▶ Exercise prompt
Wherever the listing holds a picture, leave it out, and copy the remainder exactly.

▶ Given material
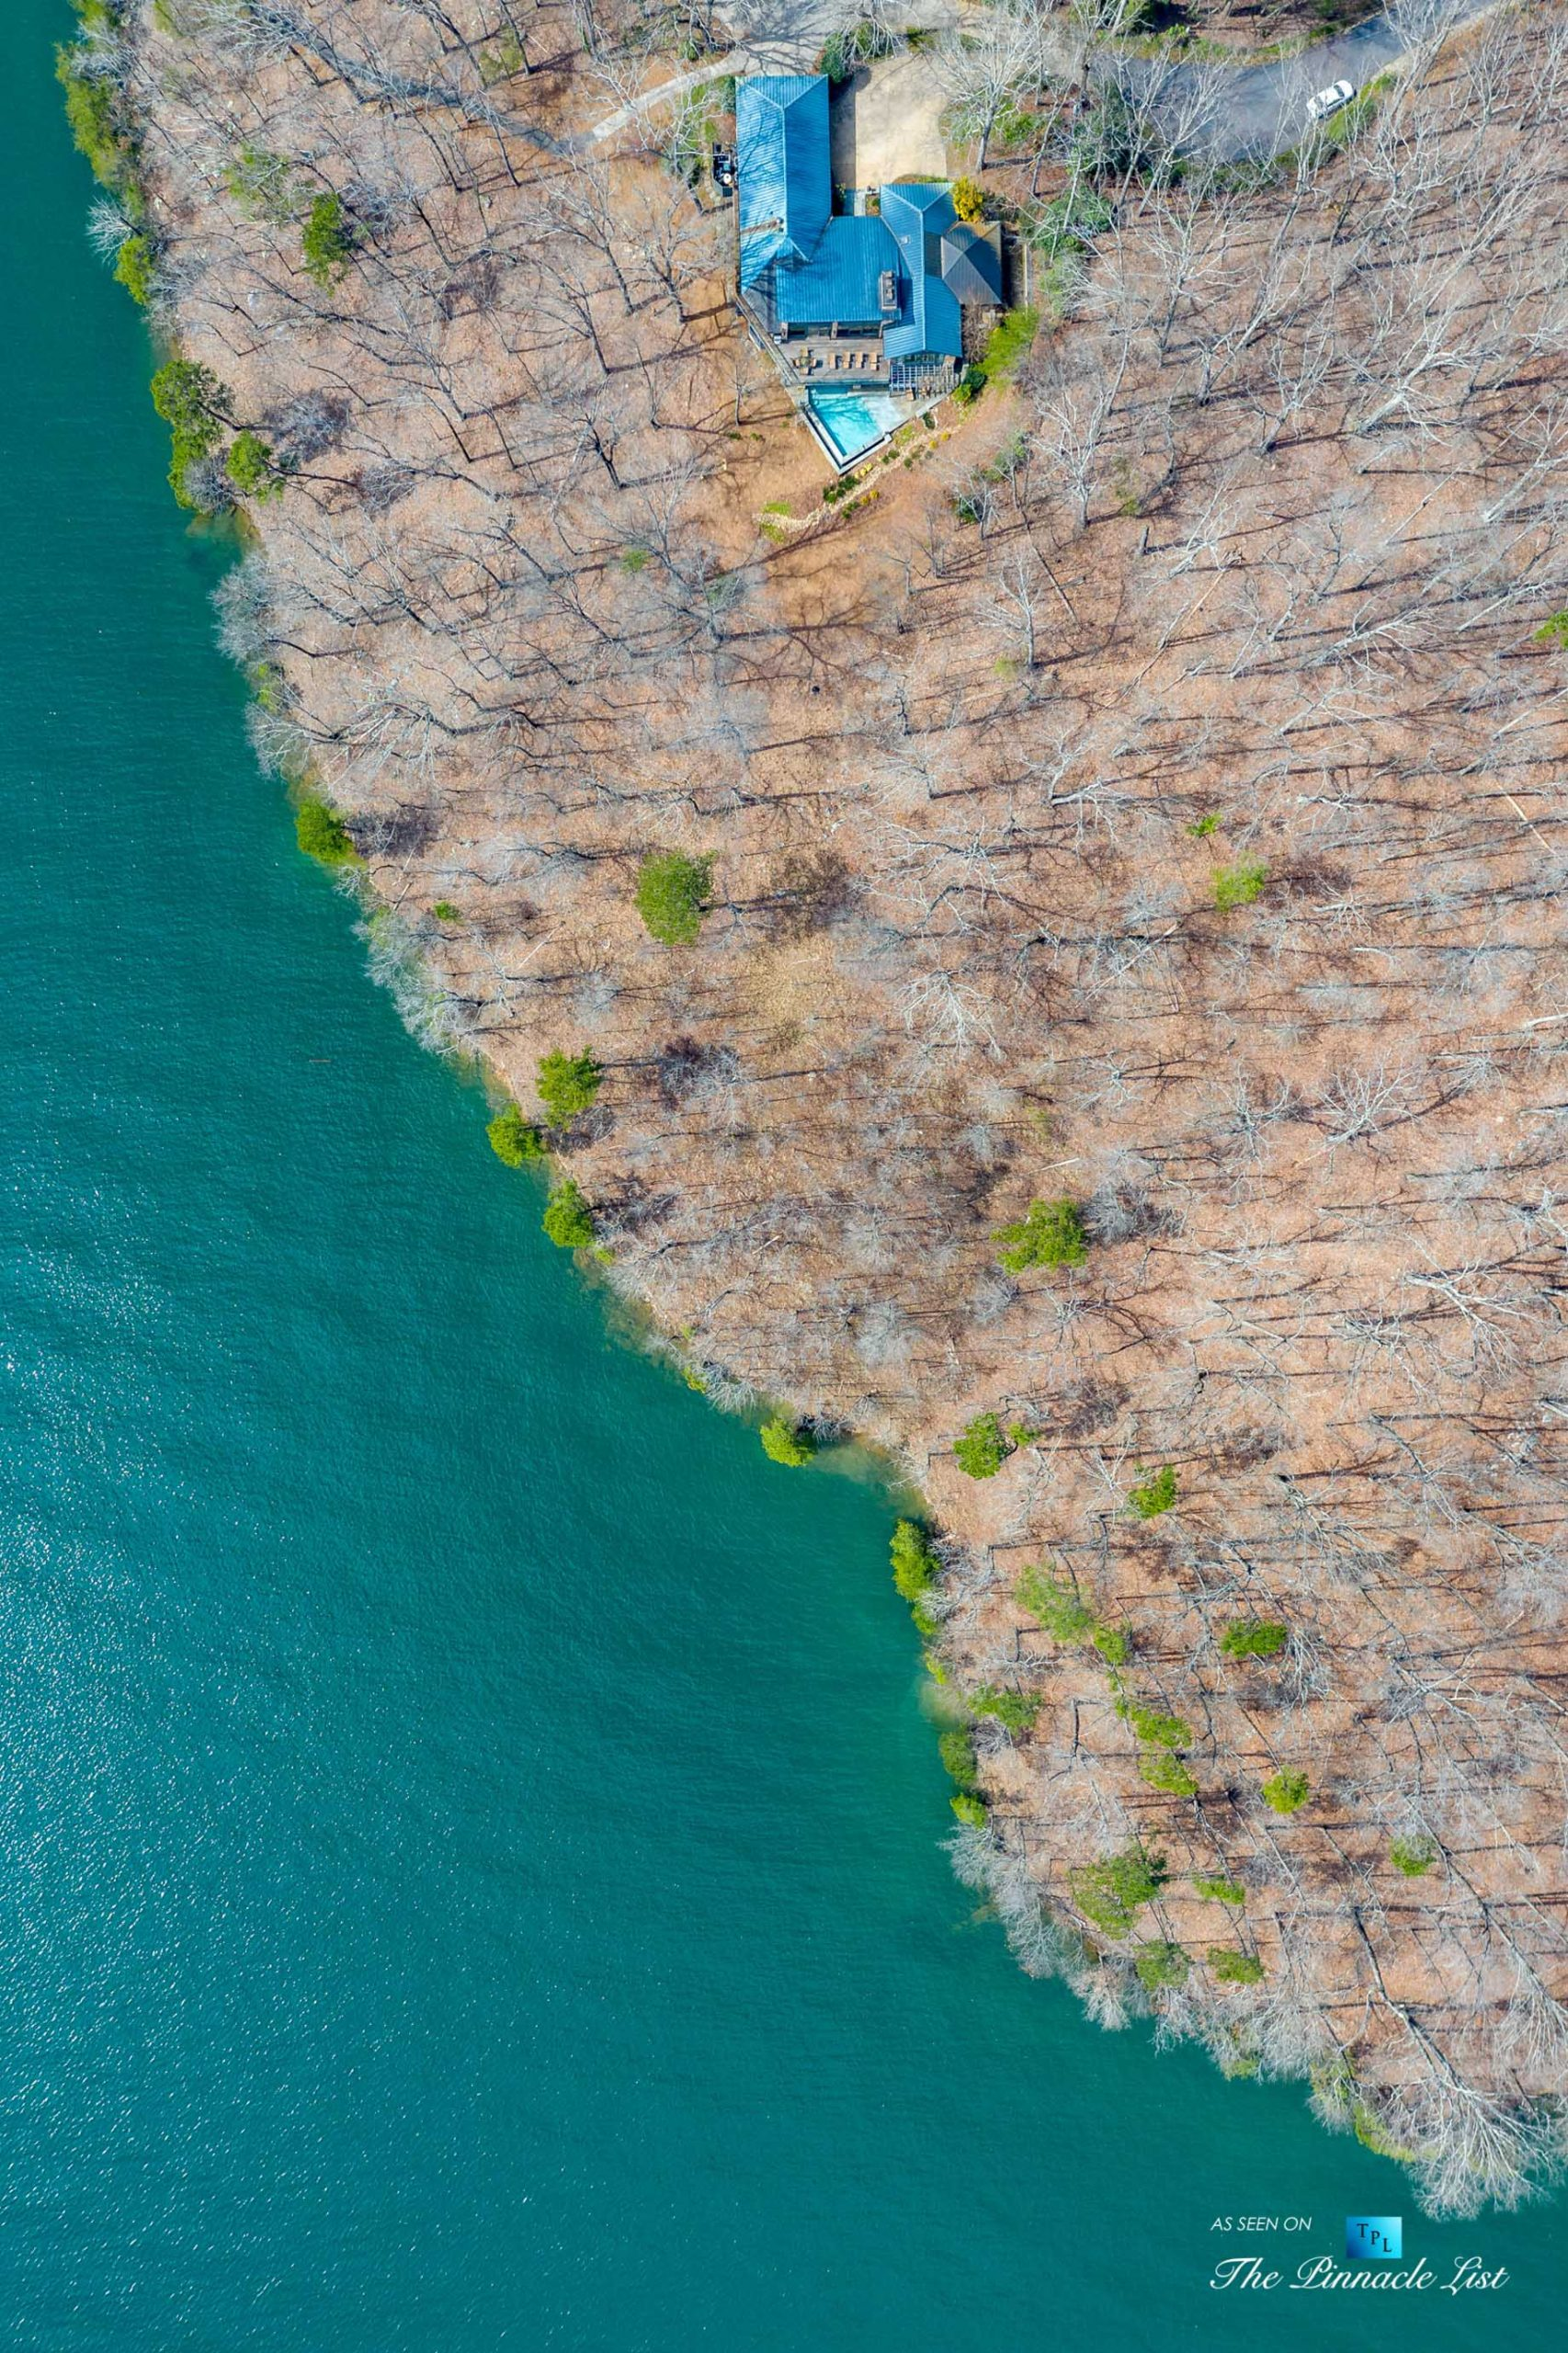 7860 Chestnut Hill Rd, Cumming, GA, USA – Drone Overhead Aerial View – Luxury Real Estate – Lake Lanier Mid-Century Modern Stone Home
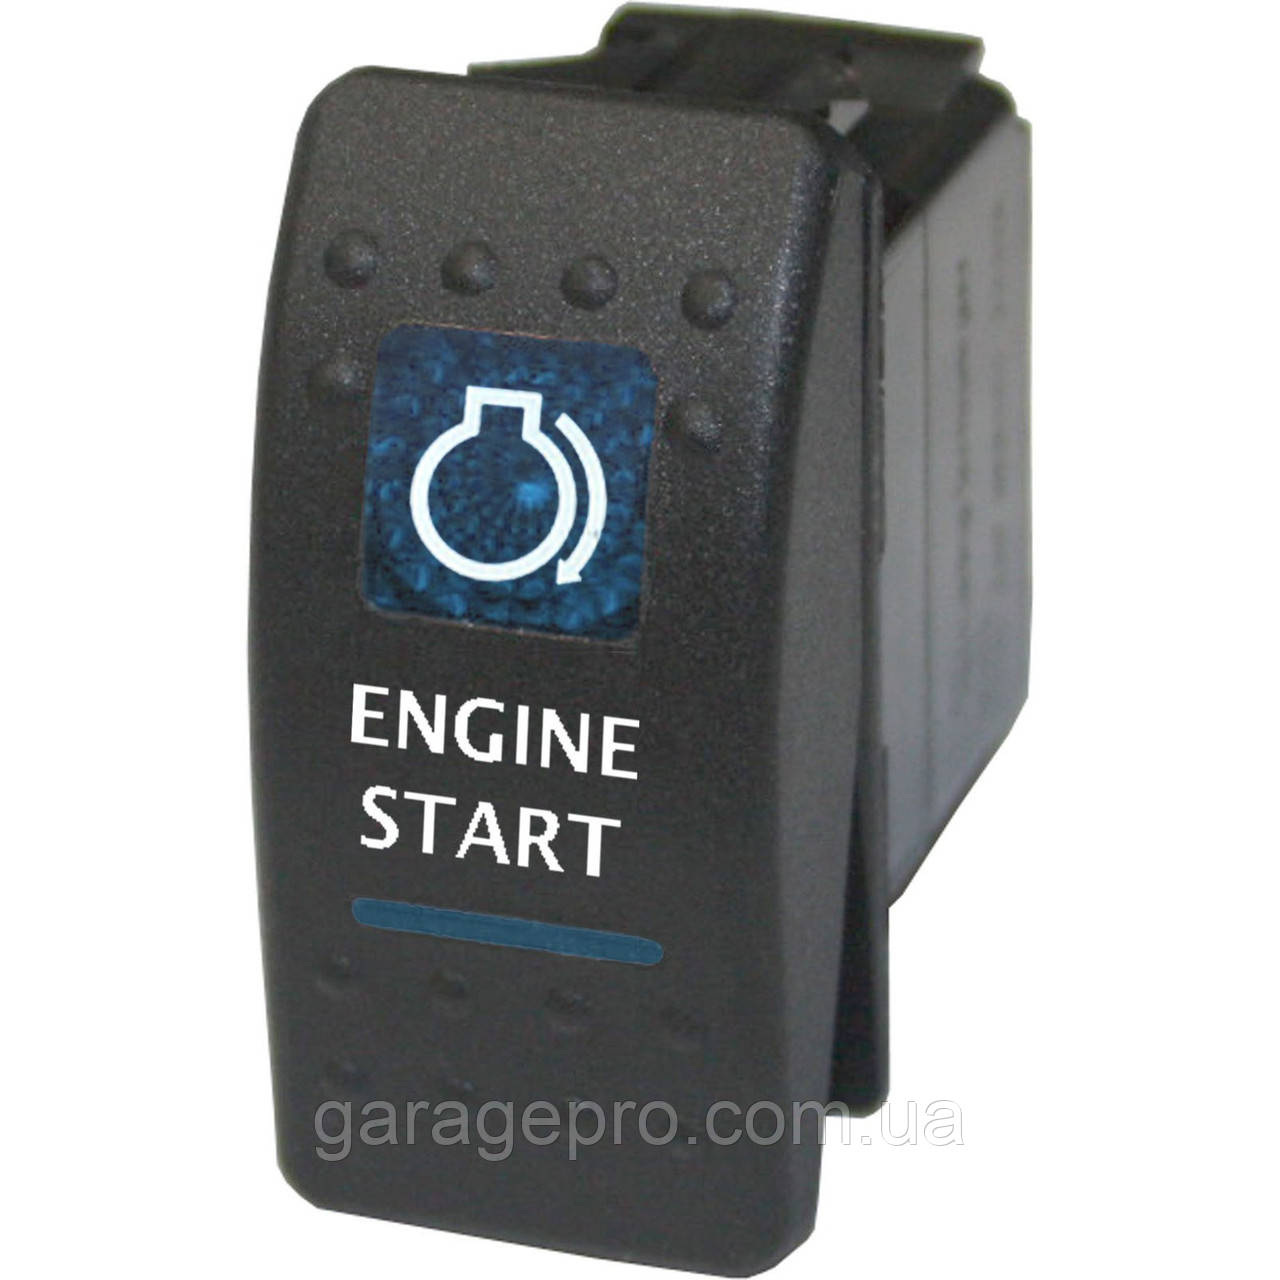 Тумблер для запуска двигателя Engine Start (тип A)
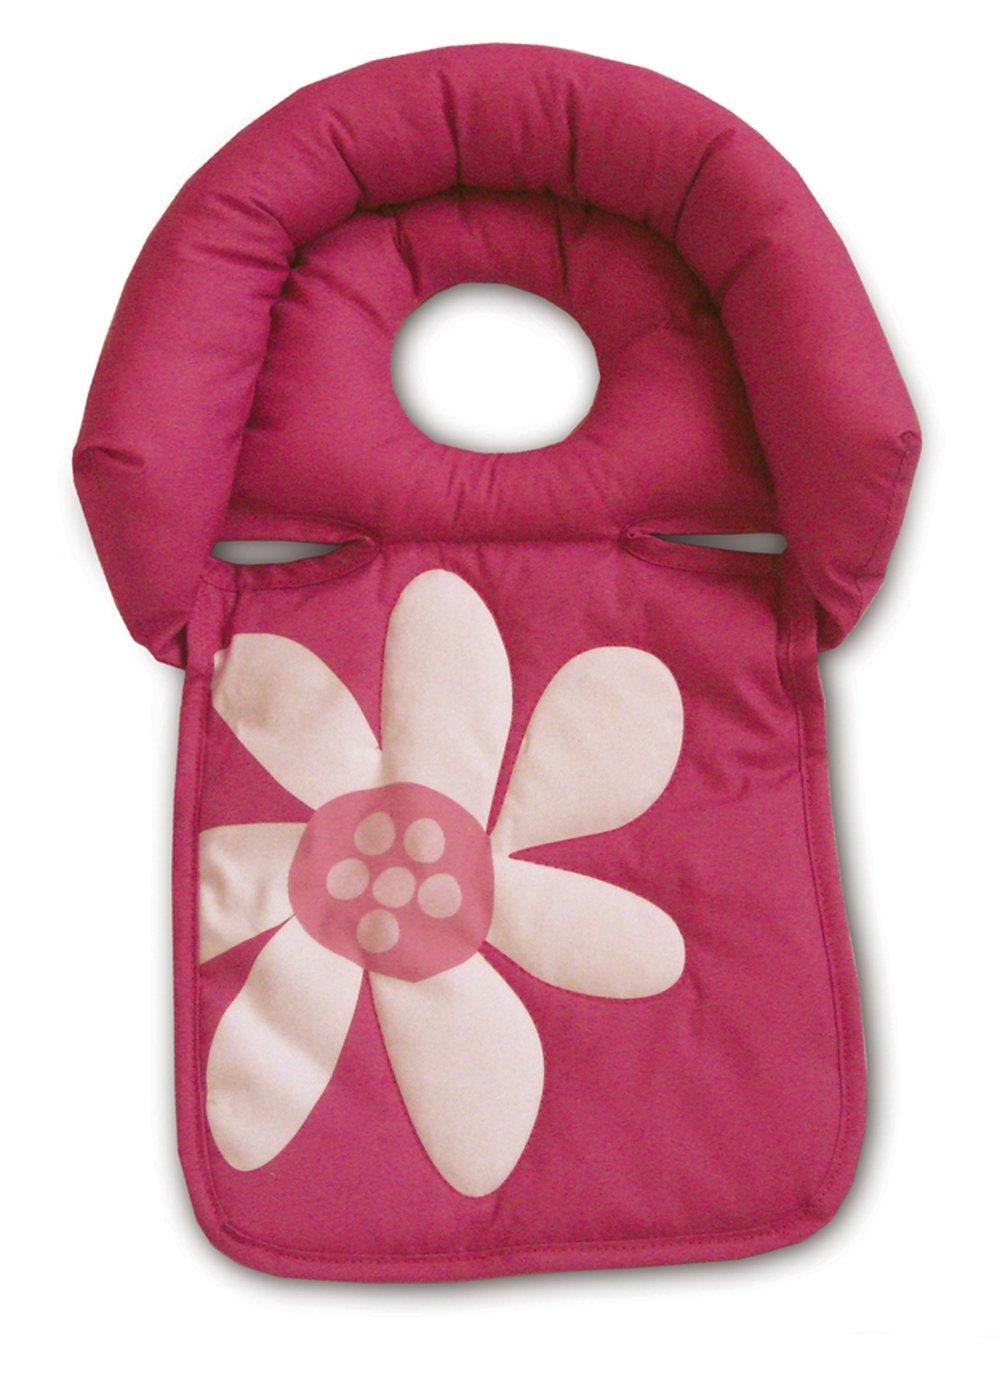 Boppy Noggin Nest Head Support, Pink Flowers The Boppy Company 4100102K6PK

▶ Output for this exercise
 7860 Chestnut Hill Rd, Cumming, GA, USA – Drone Overhead Aerial View – Luxury Real Estate – Lake Lanier Mid-Century Modern Stone Home
 Тумблер для запуска двигателя Engine Start (тип A)
 Boppy Noggin Nest Head Support, Pink Flowers The Boppy Company 4100102K6PK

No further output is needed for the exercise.